Sport / Phakaaathi / World Soccer

Phakaaathi Reporter
2 minute read
11 Jan 2019
3:04 pm

Leeds to honour Albert Johanneson

Phakaaathi Reporter

The club has announced that they will be unveiling a Leeds Civic Trust Blue Plaque to honour the trailblazer.

Albert Johanneson (Pic Leeds)

Leeds United take on Derby in a Championship match at Elland Road today (Friday).

A statement on the Leeds website reads: “Ahead of kick-off at the Sky Bet Championship fixture on Friday 11 January, the granddaughter of Albert Johanneson, Samantha, will be joined in the West Stand Reception by former player Brian Deane, councillor Judith Blake, and councillor Jane Dowson along with representatives from Leeds United, Leeds Civic Trust, Leeds United Supporters’ Trust, and Kick It Out to unveil the special commemorative plaque.”

Johanneson made 200 appearances for the club from 1961 to 1969, scoring 67 goals and playing an integral role in helping the team to win promotion to the First Division in 1964.

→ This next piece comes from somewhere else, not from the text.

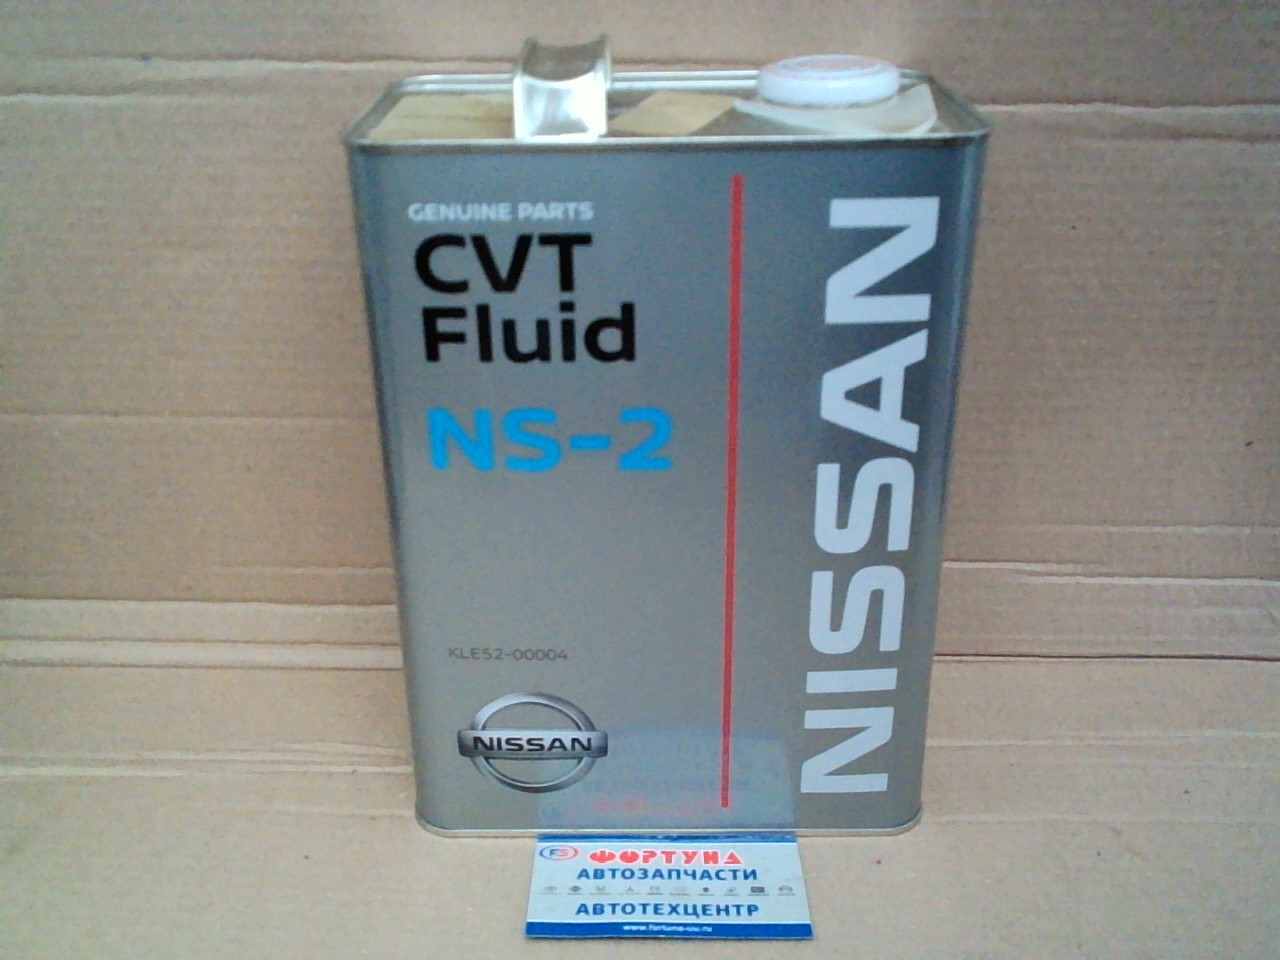 Масло трансмиссионное NISSAN/ CVT/NS-2 KLE52-00004  (4.0л.) (услуга по замене масла) на

In 1965 he became the first ever black African to play in an FA Cup Final at Wembley Stadium.

Angus Kinnear, chief executive of Leeds United Football Club, has spoken about the event and said: “It will be fantastic to have Samantha, Albert Johanneson’s granddaughter, with us on Friday to unveil this special plaque in honour of the first black footballer to play in an FA Cup final.

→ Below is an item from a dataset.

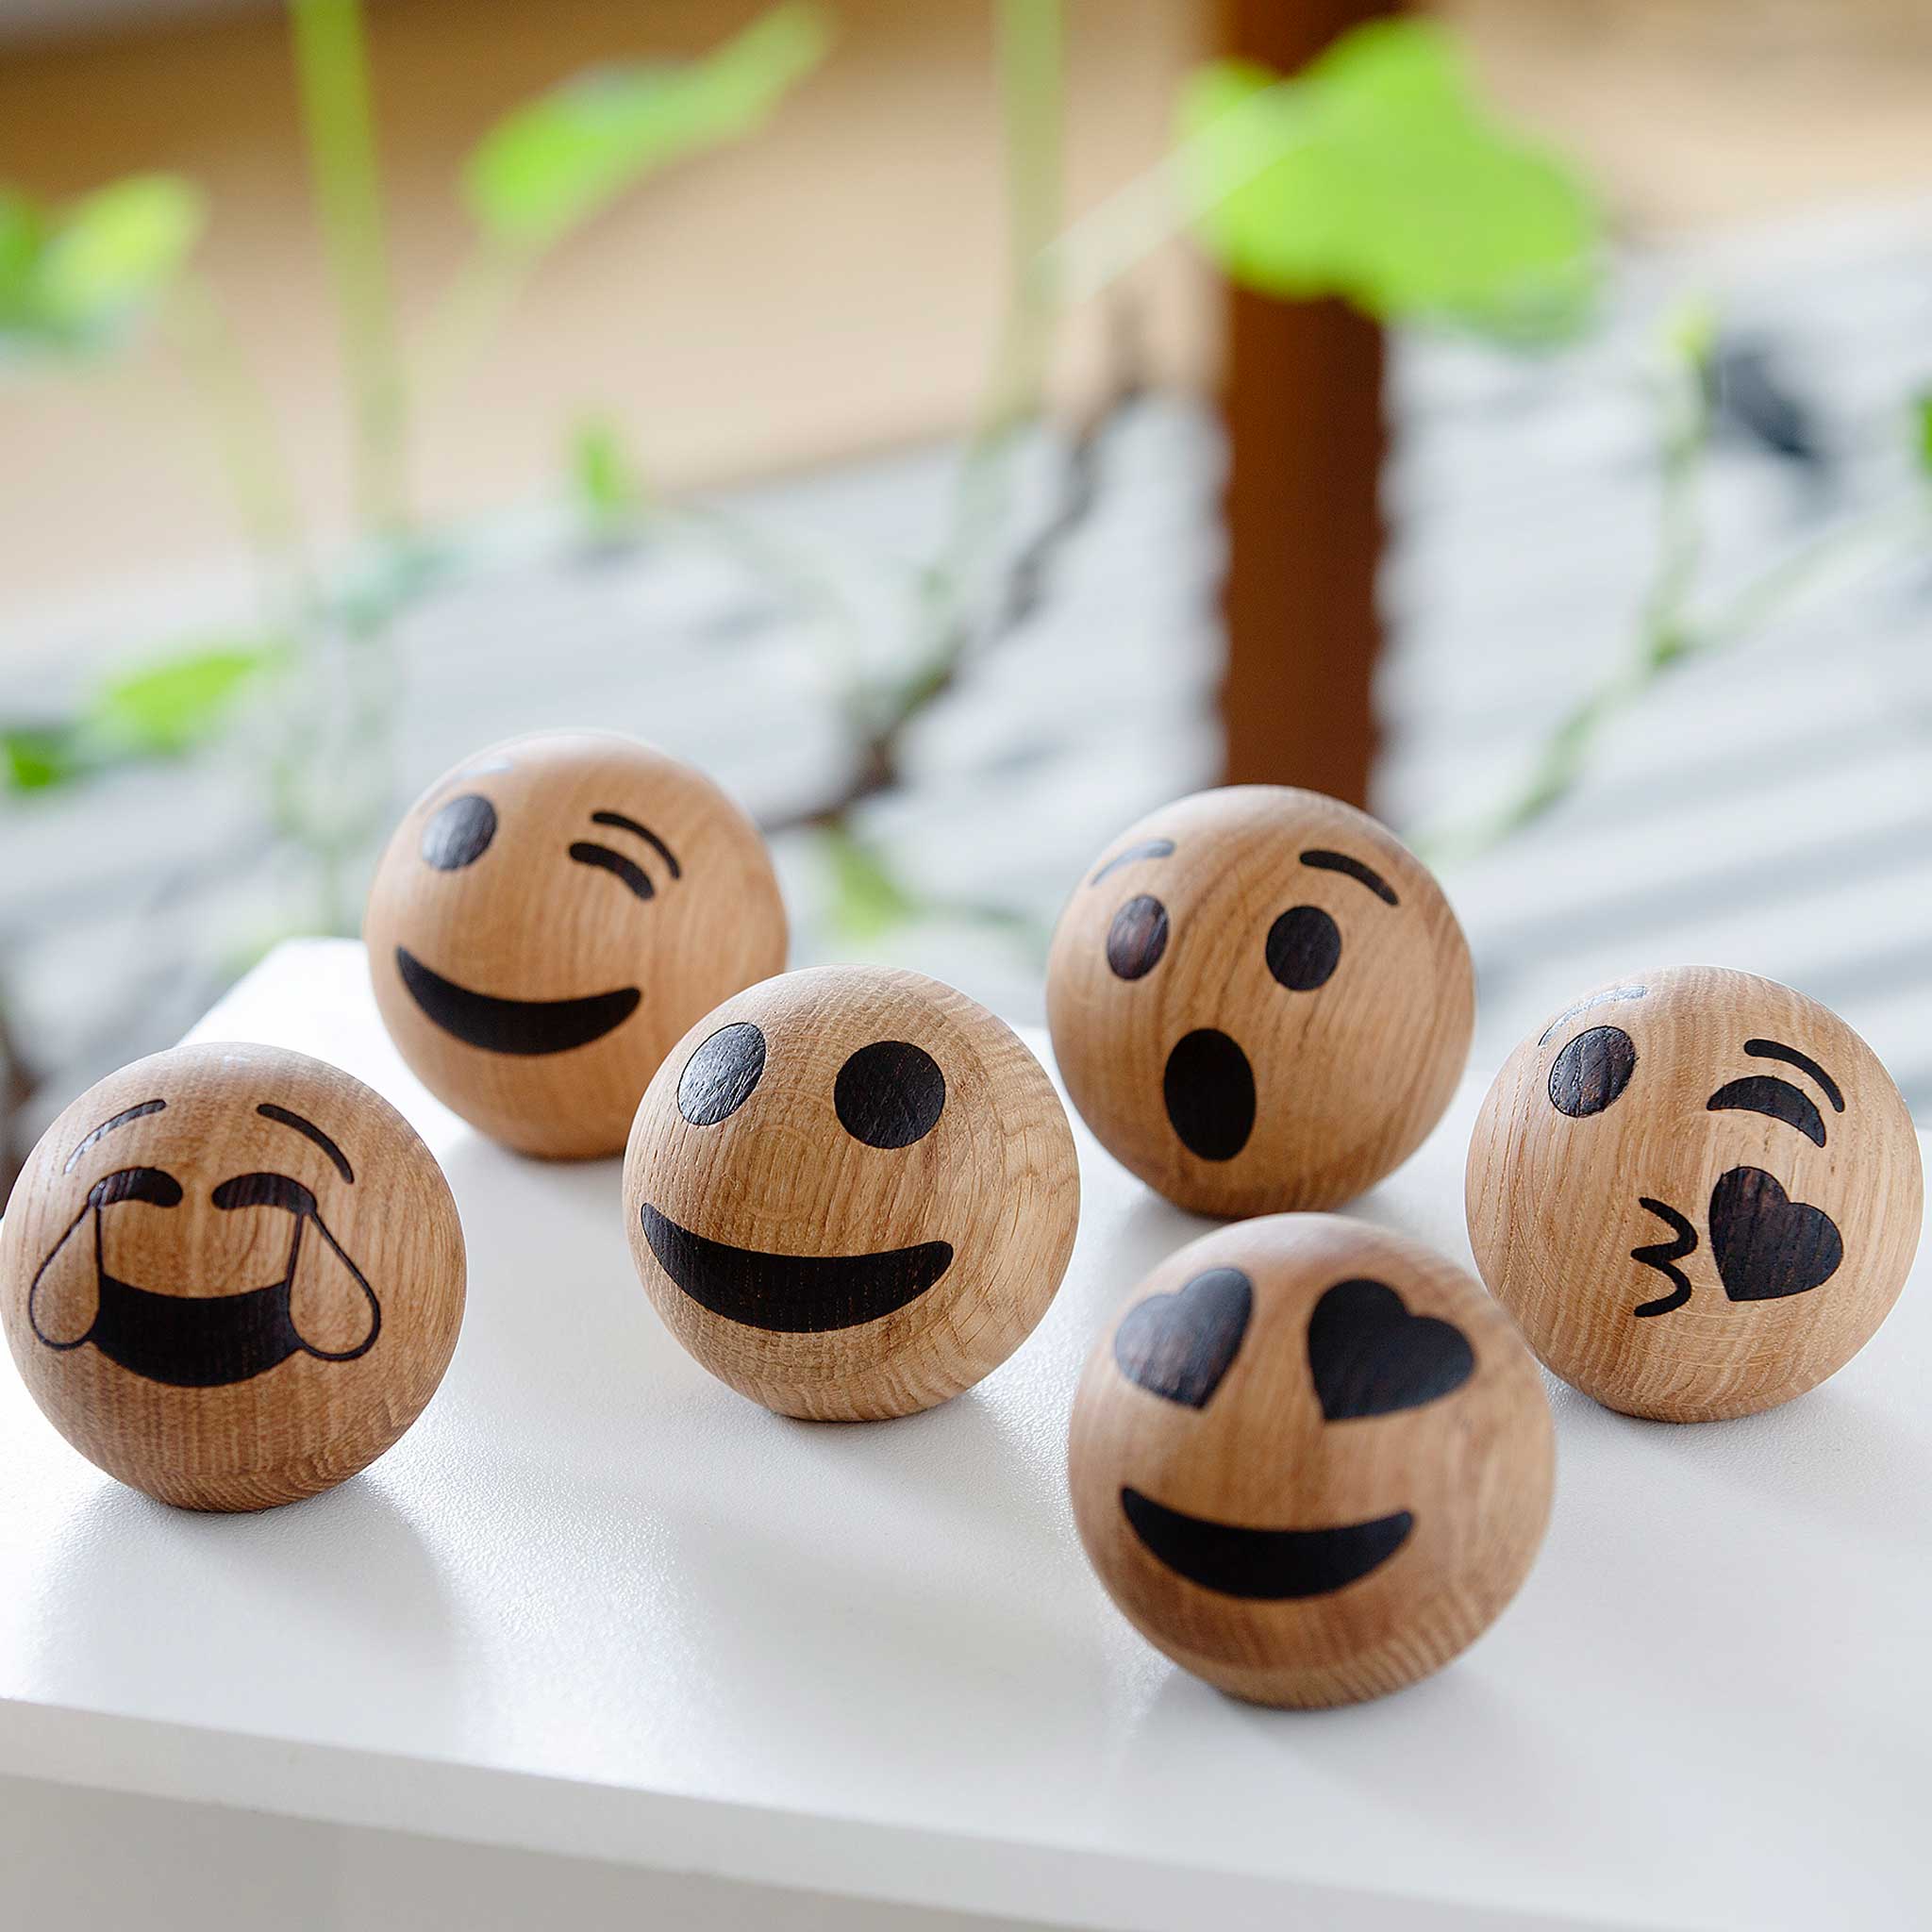 SPRING EMOTIONS | lächelndes Gesicht mit herzförmigen Augen | Holz EMOTICONS | mencke&vagnby | Spring Copenhagen - Charles & Marie

“Albert is a massive part of the history of Leeds United Football Club; he was a trailblazer and paved the way for other black players to make their mark on the sport. This is a fantastic occasion for the club as we enter our centenary year.”

The leader of Leeds City Council, councillor Judith Blake, added: “We should feel extremely proud that Albert wore the famous jersey of Leeds United and for his part in the club’s rise under the great Don Revie.

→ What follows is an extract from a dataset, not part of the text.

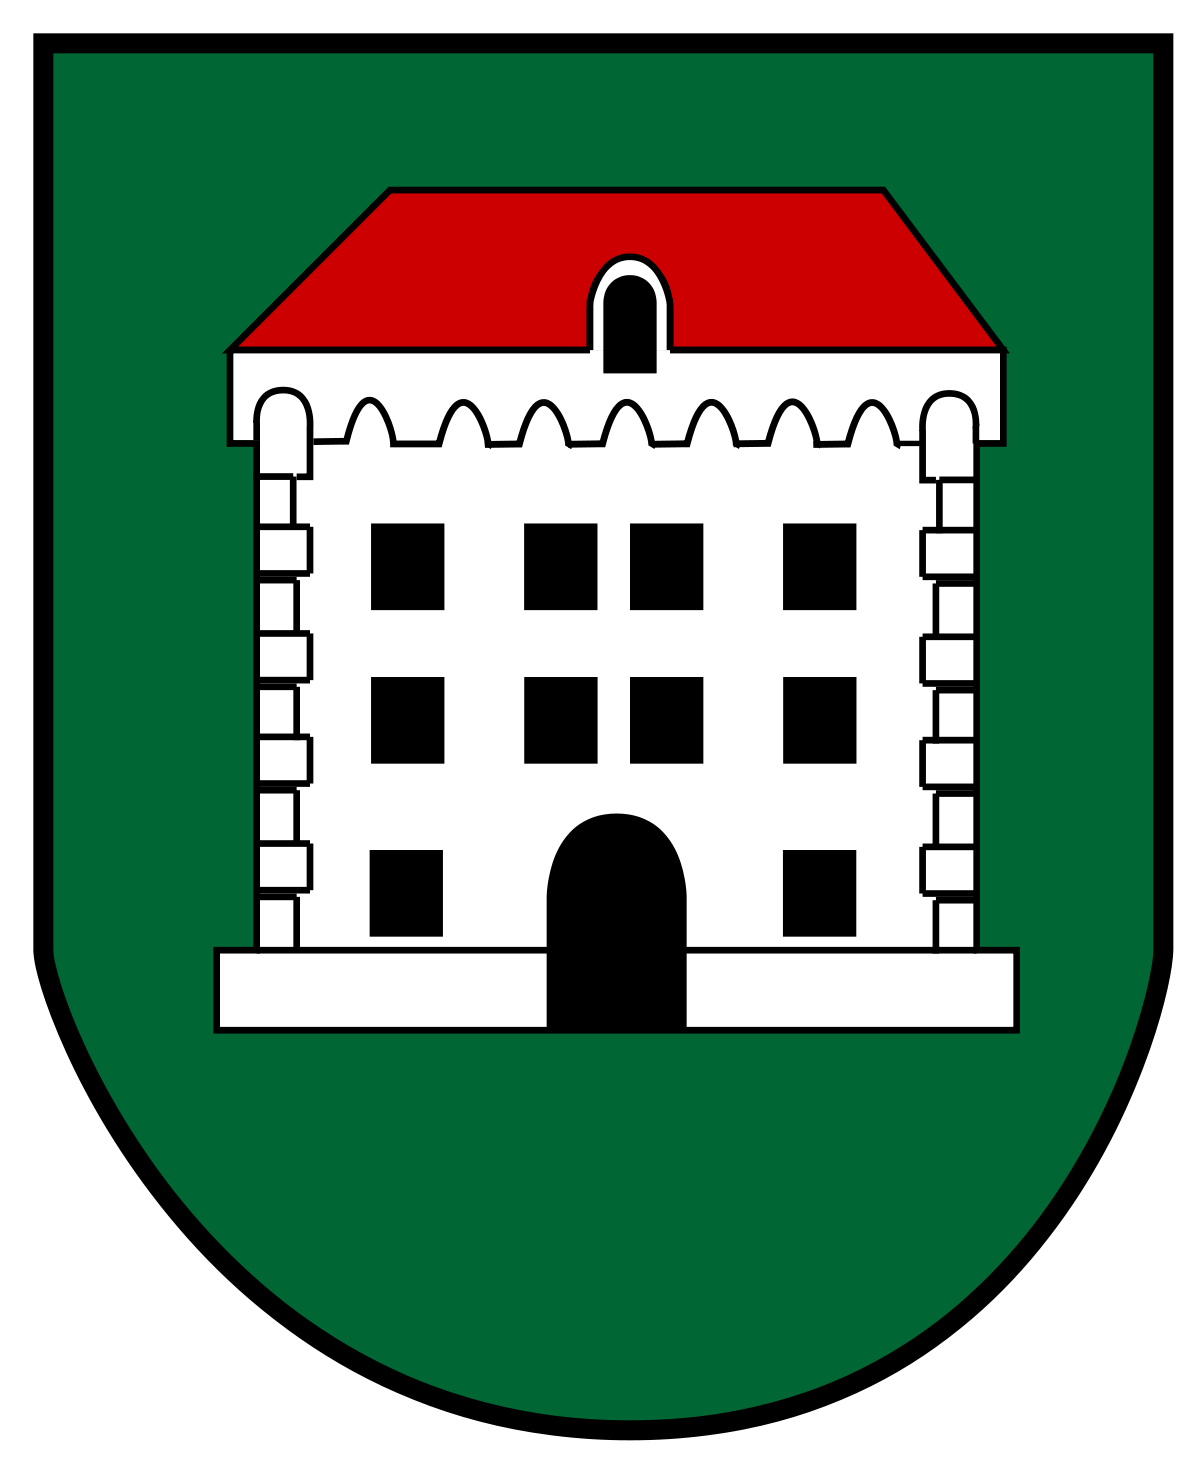 Marktgemeinde Vorchdorf

“Not only did Albert play for Leeds at a time when there [were] very few black players playing professionally in the top flight of English football, he also holds the accolade of being the first black player in 1965 to play in an FA Cup final. The impact of both these feats and the inspiration it would have given to so many people should never be forgotten or underestimated.

“There is no doubt that Albert’s accomplishments also played an important role in helping to pave the way for future generations of black footballers from across the globe to come to play in England as he once did from South Africa, and this alone is a truly wonderful legacy. A blue plaque at Elland Road in recognition of Albert and all that he achieved is the least that he deserves.”